Panhandle: The region remained extremely hot, dry and windy with wildfire danger high. Soil moisture was very short in most counties. Corn and cotton continued to struggle under high winds and 100-plus degree heat. Most counties reported corn to be in poor condition. Cotton was in fair to very poor condition, with most reporting poor. Producers were actively irrigating all summer crops. Rangeland and pasture conditions were mostly very poor. Ranchers continued supplemental feeding of cattle.

Rolling Plains: The region remained hot, dry and windy with no relief in sight. The first 18 days of June, 100-plus degree temperatures devastated soil-moisture levels. Dryland cotton planting was finished, but very little of the crop was expected to emerge. Irrigated cotton producers were watering, hoping to establish stands. Some ranchers were culling herds. One Motley County producer stated that without rain soon he would be weaning calves as early as the first week of July. Ranchers have culled off cattle and cut numbers to such an extent that if it does rain, it will be a long time before they can rebuild herds. Hay supplies were running low also. Producers were reporting yields of about one-third of normal. Hay was often sold before it was baled. Stock-water tanks were also drying up. The threat of wildfire remained high, and most counties remained under burn bans.
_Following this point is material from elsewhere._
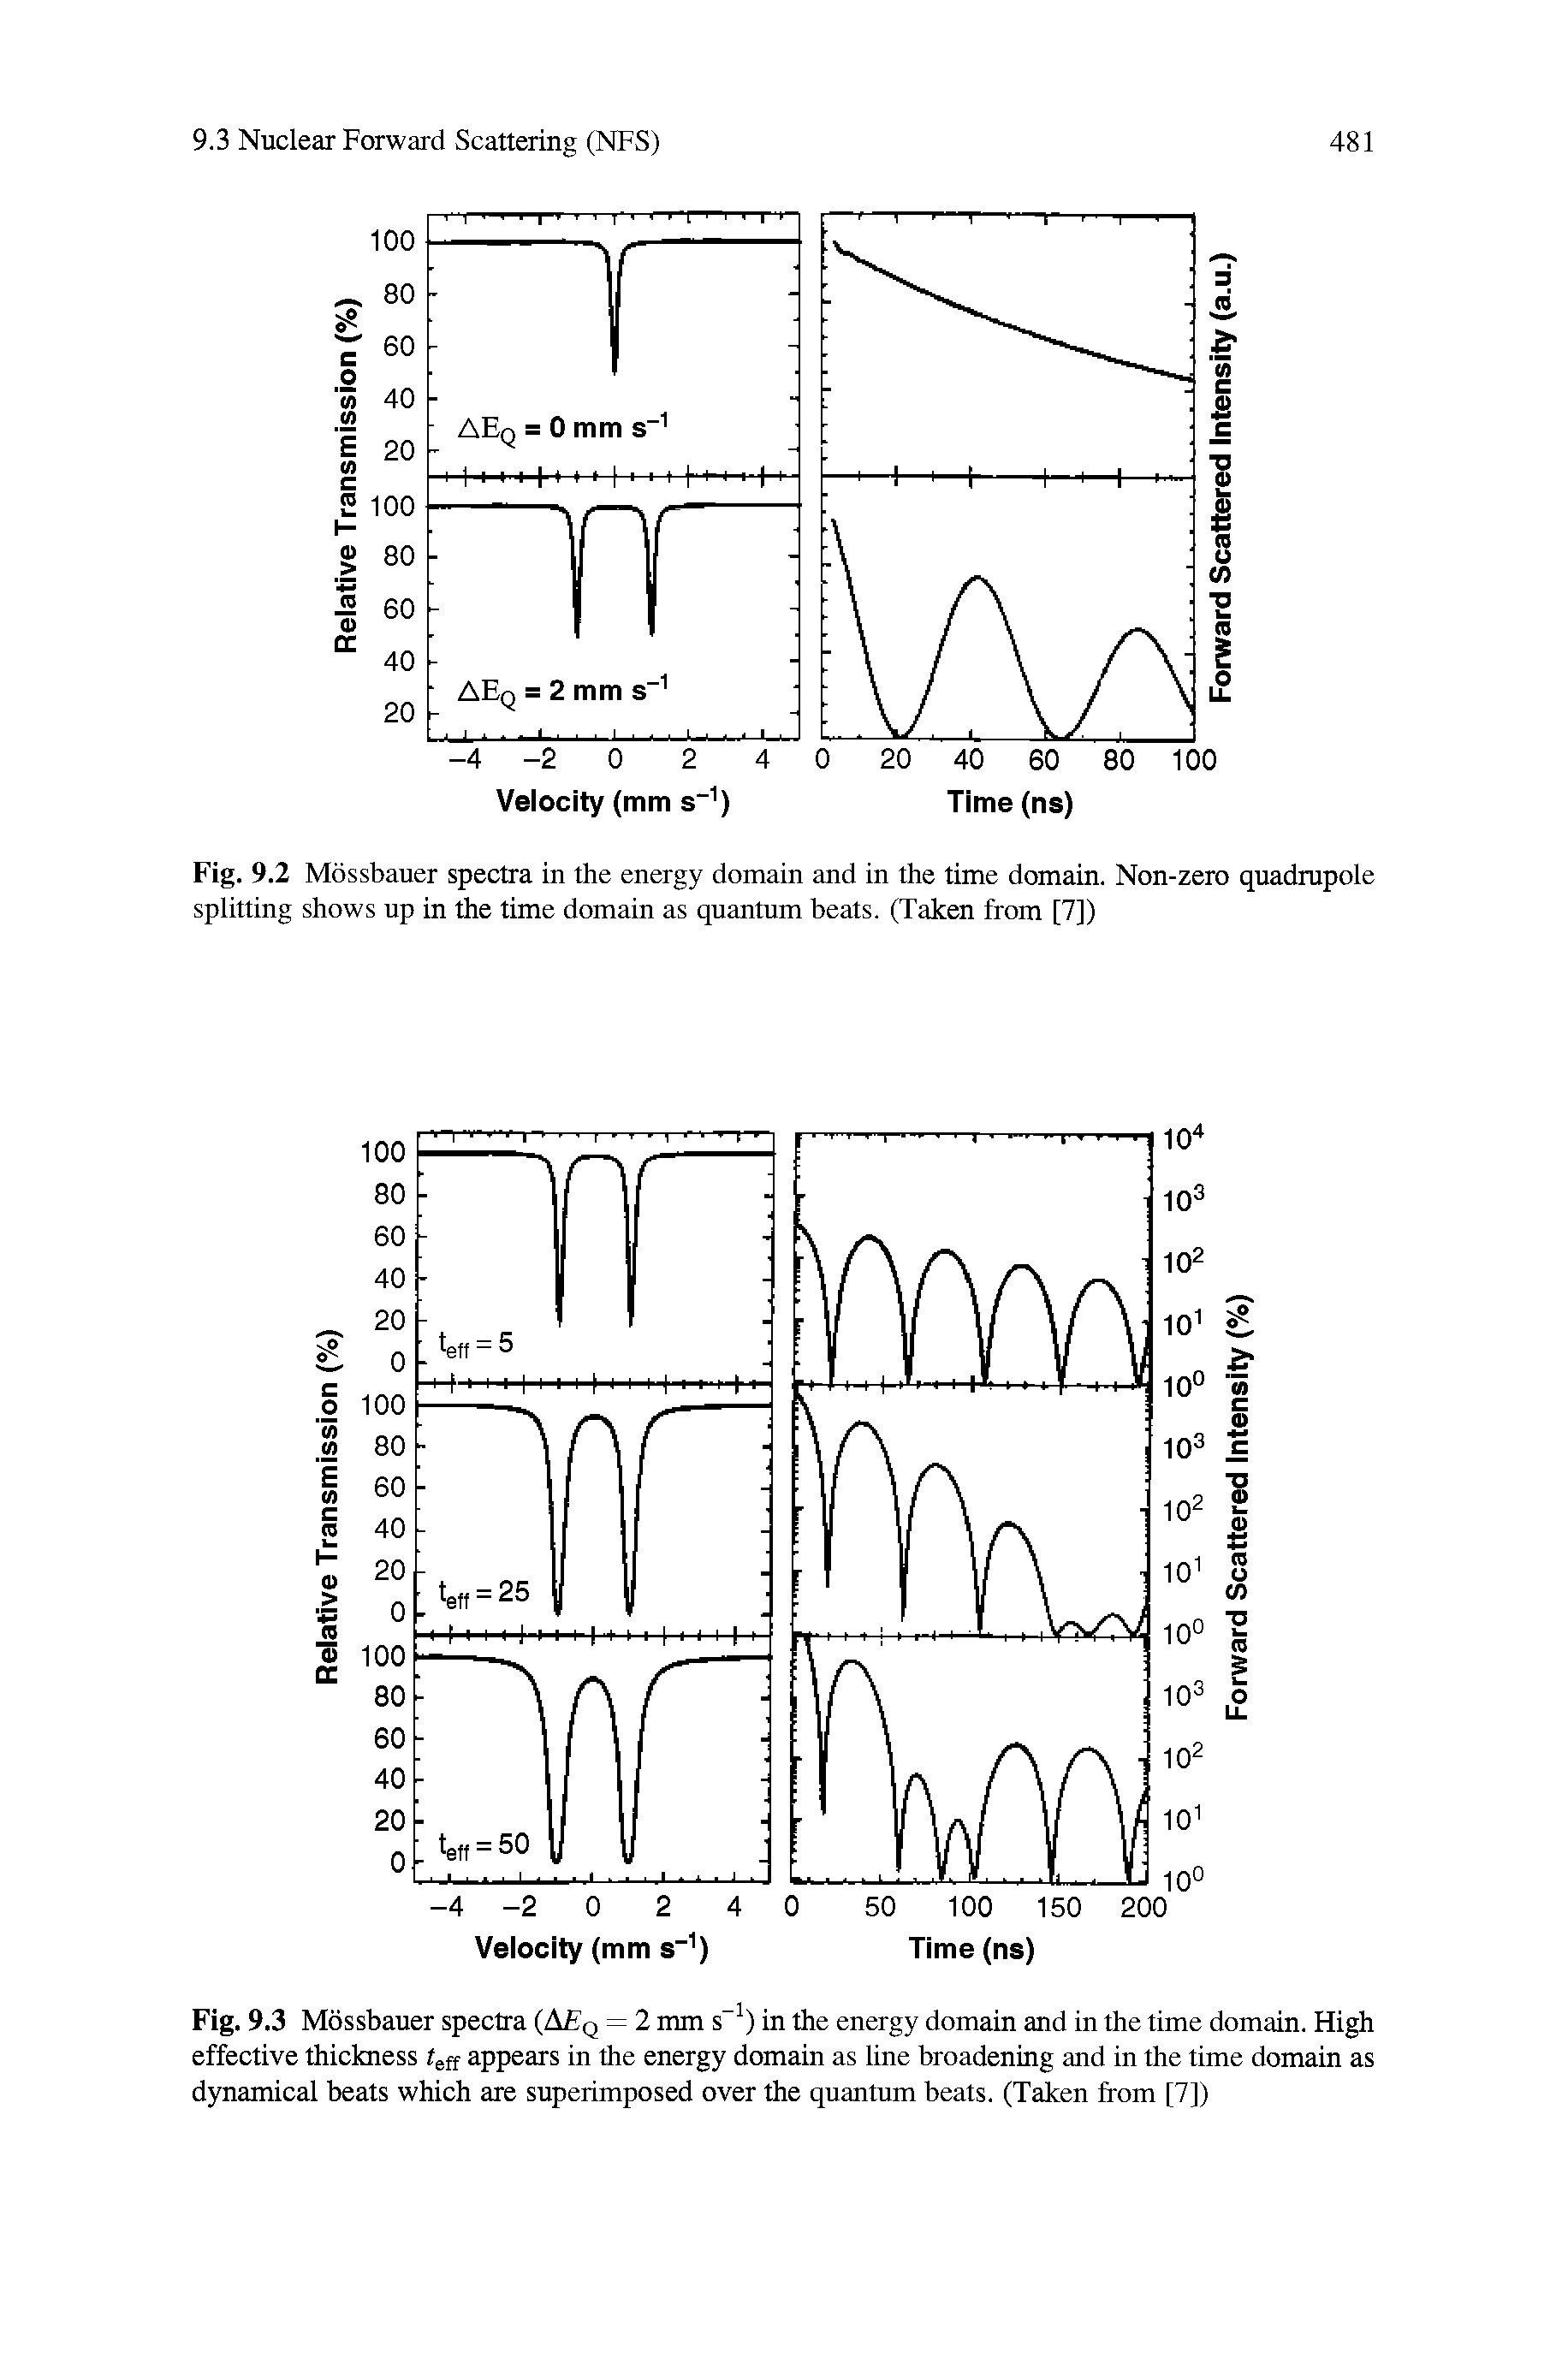 Fig. 9.2 Mossbauer spectra in the energy domain and in the time domain. Non-zero quadrupole splitting shows up in the time domain as quantum beats. (Taken from [7])...

South: Persistent high winds coupled with extremely hot temperatures made the drought worse. Cotton was maturing prematurely, browning and yellowing out in Atascosa County, while in Frio County they were in the soft dough stage. Also in the Frio County area, sorghum was turning color, the potato harvest was done, the watermelon harvest was ongoing and peanut planting continued. In Live Oak County, producers were about 10 percent finished with the corn harvest. In Zavala County, farmers continued irrigating cotton, corn and sorghum, while they wound down onion harvesting, actively harvesting cantaloupes, and nearly finished with the watermelon harvest. In Cameron, Hidalgo, Starr and Willacy counties, producers were harvesting grain sorghum. Willacy County reported cotton crops showed signs of stress. Livestock producers were concerned with diminishing forage supplies and lack of water, and were extensively culling or completely liquidating herds. Star County reported a lot of small, young calves being sold.

South Plains: The district continued to have record-breaking heat, with highs in the triple digits, and burn bans still in effect. There were some very limited, localized showers. Irrigated cotton growers were struggling to keep up with water demands just to keep plants alive. Dryland plantings were not emerging, and insurance adjusters were inspecting fields. Cattle producers were running out of hay and began to cull herds. Some ranchers had to haul water.

Southeast: In Montgomery County, there was neither grass nor water for livestock. Trees were dying throughout the county. In Walker County, water for livestock was also an issue. Throughout the district, pasture conditions continued to deteriorate. Cattle numbers declined as producers culled herds. Producers were still feeding remaining livestock, but hay supplies were low.

Southwest: The region remained completely dry. Record-high temperatures of 101 to 104 degrees and above, along with high winds, aggravated the drought. Most of the region remained in extremely high wildfire-alert status. Most dryland crops failed. Irrigated corn and sorghum were drying down. Sunflowers growers were harvesting. Peanuts, cotton, pecans, grapes and landscape nursery crops continued to make good progress under heavy irrigation — but at high pumping costs. The peach harvest began. The cabbage, onion, potato, watermelon, cantaloupe, green bean and sweet corn harvests were ongoing. Onion yield and quality has been excellent but onion prices remained weak. Farmers were harvesting tomatoes, onions, squash and other spring vegetables for sale at roadside markets. Pasture and rangeland grasses and forbs stopped growing because of the hot, dry weather. Forage availability was below average.

West Central: Highs in the 100s and very strong winds continued to deplete soil moisture. Wildfires were causing problems in all areas. Producers were baling what little hay they could for livestock. Hay fields were in very poor condition. The drought has taken a toll on all rangeland, pasture and orchards. Irrigated cotton and corn were in fair condition in some places, but producers were having a hard time keeping up with water demands. All stock-water tanks were critically low, and producers were running out of water for livestock. Feeding and hauling water made livestock production very difficult and expensive. Producers continued to cull herds and sell off livestock.